In 2015, the Drug Enforcement Agency raided Miladis Salgado’s home on a false tip that her estranged husband was dealing drugs. In the end, the federal government used civil forfeiture to take $15,000 from Salgado, a large portion of her life savings. 

Salgado knew she had done nothing wrong. So she fought back. And won.

But Salgado needed an attorney. She hired an attorney on contingency, and after two long years, the court was about to rule in her favor. That’s when the federal government folded. They admitted there was no evidence of a crime and agreed to return her money. 

But in doing so, they refused to pay her attorneys’ fee. Salgado petitioned the judge for the fees, but that request was denied because the government returned her money before a ruling, which would have triggered the government to pay those fees.  

That would leave Salgado with about $10,000 of her $15,000 the government took. The other $5,000 would go toward her attorney. Meaning, even though Salgado did nothing wrong and the government illegally took her property, she will still lose $5,000 just for fighting for her property that was rightly hers. 

The Institute for Justice brought Salgado’s petition for attorney fees to the U.S. Supreme Court. The Mississippi Justice Institute, along with other public interest law firms, filed an amici curiae (friends of the court) brief in support of Salgado.

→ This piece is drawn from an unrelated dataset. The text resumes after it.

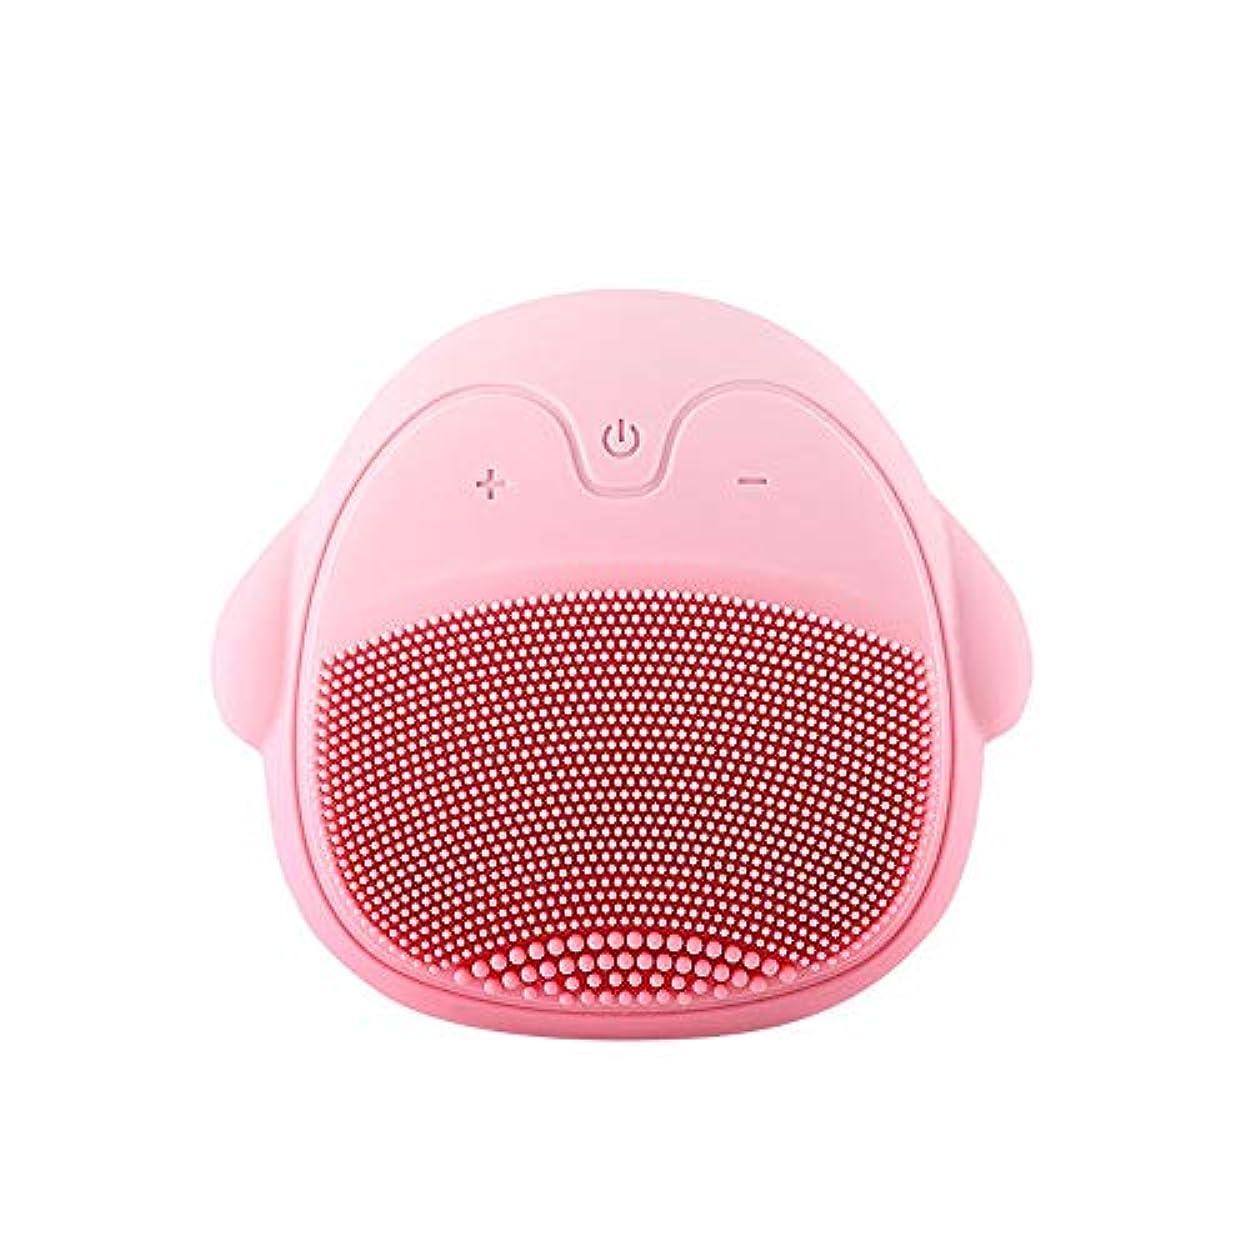 温度計異邦人ピアースシリコンフェイスブラシ、洗顔ブラシ、ディープクレンジング、スキンケア、かわいい、ピンク

“The government spent years trying to take Salgado’s cash,” the amici firms wrote. “It embarked on the all-too-common attrition-by-litigation strategy. Salgado was forced to bear the literal expense of defending against the government’s actions. Even though the government eventually dismissed its case and returned the cash, Salgado wound up with less money than she had before the DEA’s raid.”

The petition revolves around a profound question: When the government dismisses a forfeiture case it has spent years litigating, did the property owner from whom the property was taken ‘substantially prevail’ under federal law?